Some of the critics say that sale of United Bank, Habib Bank and KESC can only be termed 'distress sale'. Their point of view is that government has sold these entities much below their 'fair price'. They also fear that government is bent upon to sell PTCL at a throw-away price. They also say that in order to keep PSO privatization hype, the government is distributing huge dividends. To ensure higher dividend, POL consumers are being forced to pay punitive prices.

However, some of the analysts are of the view that the response to call for privatization of PTCL, PSO, PPL and National Refinery clearly indicates the keen interest of foreign strategic investors. These investors are not buying these entities on the basis of present value. They are eyeing the enormous growth potential of these entities. Even if the sale of entities is termed distressed sale, it will be a great achievement. Entry of global giants in Pakistan can open the floodgate of foreign direct investment.

To support their point of view they refer to PTCL. The company, under the state control has not been able to exploit the market potential. For example Mobilink has a client base, which is many times the size of Ufone subscribers. While PTCL has not been able to exploit the WLL potential, the new entrants have got a large share of the market in a short span of time. This is only because of the mindset of management of PTCL. Though, there has been a change but the decision making process is still too slow and full of bureaucratic hassles.

 

 

The same is also true about the KESC. The commitment of the successful bidder to inject additional equity is clear indication of the economic fundamentals enjoyed by the KESC. The peak demand of electricity in KESC's franchise area is almost double the existing generation capacity. Bulk of the T&D losses are due to theft and highly depleted transmission and distribution network. If the existing infrastructure of KESC is revamped, its earnings can be increased substantially. The KESC has not been able to do this only because it did not have the resources.

Some of the analysts are of the view that the government may continue its efforts of finding strategic buyers for the 'big' entities, but in the mean time must off load more shares of the companies. It will help in achieving various objectives 1) reducing government's holding in these companies and sharing the benefits with local investors, 2) gauging the value of these entities based on the quoted prices to arrive at reference price for ultimate privatization and 3) broadening the shareholders' base in Pakistan.
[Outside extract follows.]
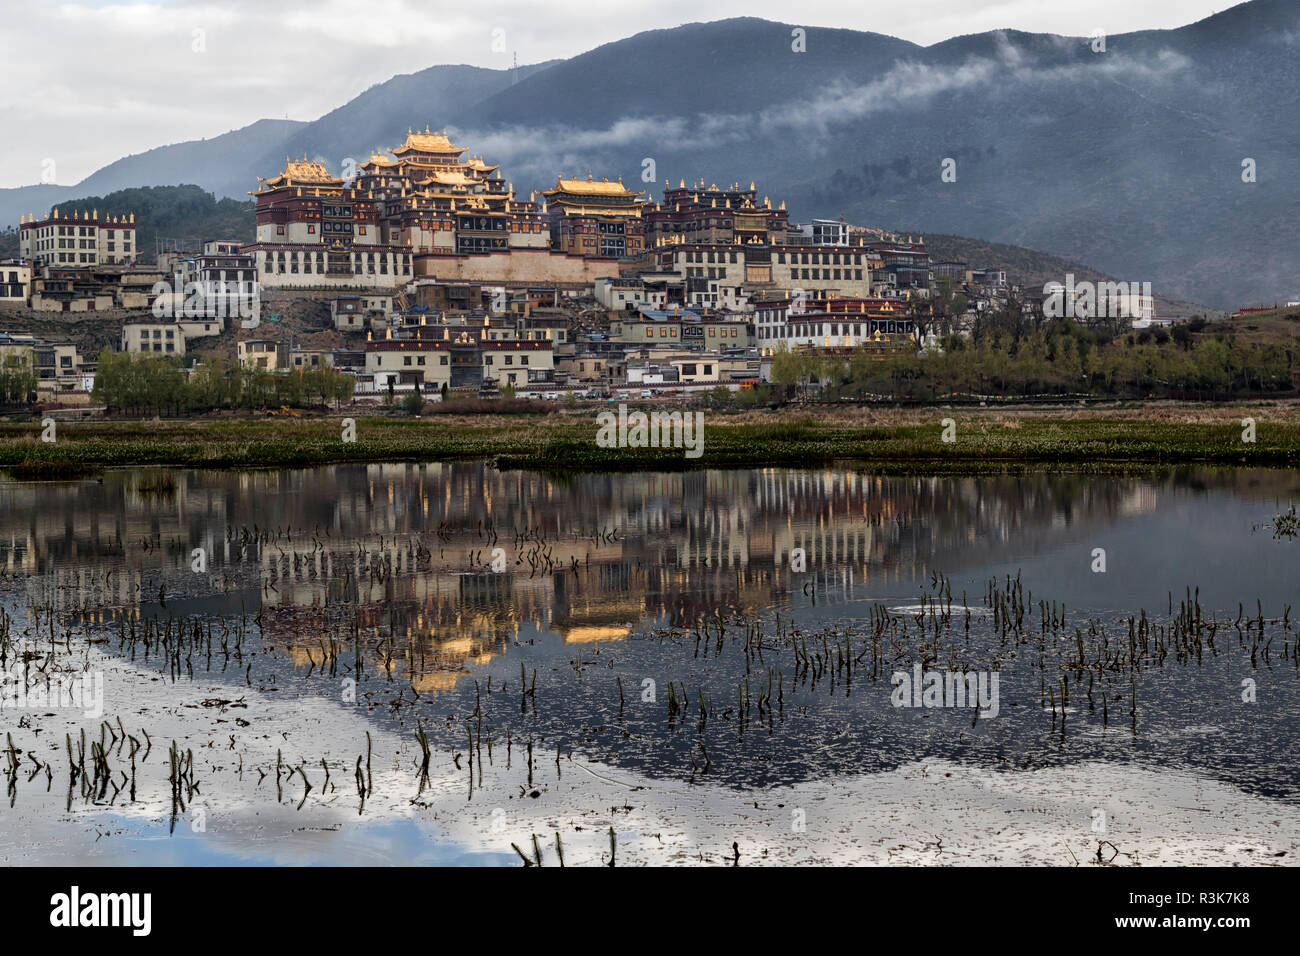 Asia, China, Yunnan Province, Shangri-la, Songzanlin Monastery. The monastery at dawn reflected in the sacred lake. Stock Photo

To establish the validity of their view they refer to public offering of shares of National Bank, SSGC, OGDC, PPL and KAPCO. To further dilate they quote the offering prices of the three tranches of national Bank. While the first offer was at par value, the third offer was at Rs 46/share. All other offering were at premium but the response was unprecedented.

They also say that offering of up to 25% shares of state owned enterprises also supports the private-public partnership strategy being followed by the government. The initial resistance against the divestment policy was based on the fears that market had limited appetite. However, the time has proved that the market suffers from acute shortage of quality scrips and their free float. Off loading of part of the holding will also help in containing the market volatility.

Market analysts say that some of the foreign fund managers have already made a debut and it is an appropriate time for divesting of government holding in the blue chip public sector companies. Once they acquire even a small percentage and know the companies in detail, they would also start looking at other listed companies.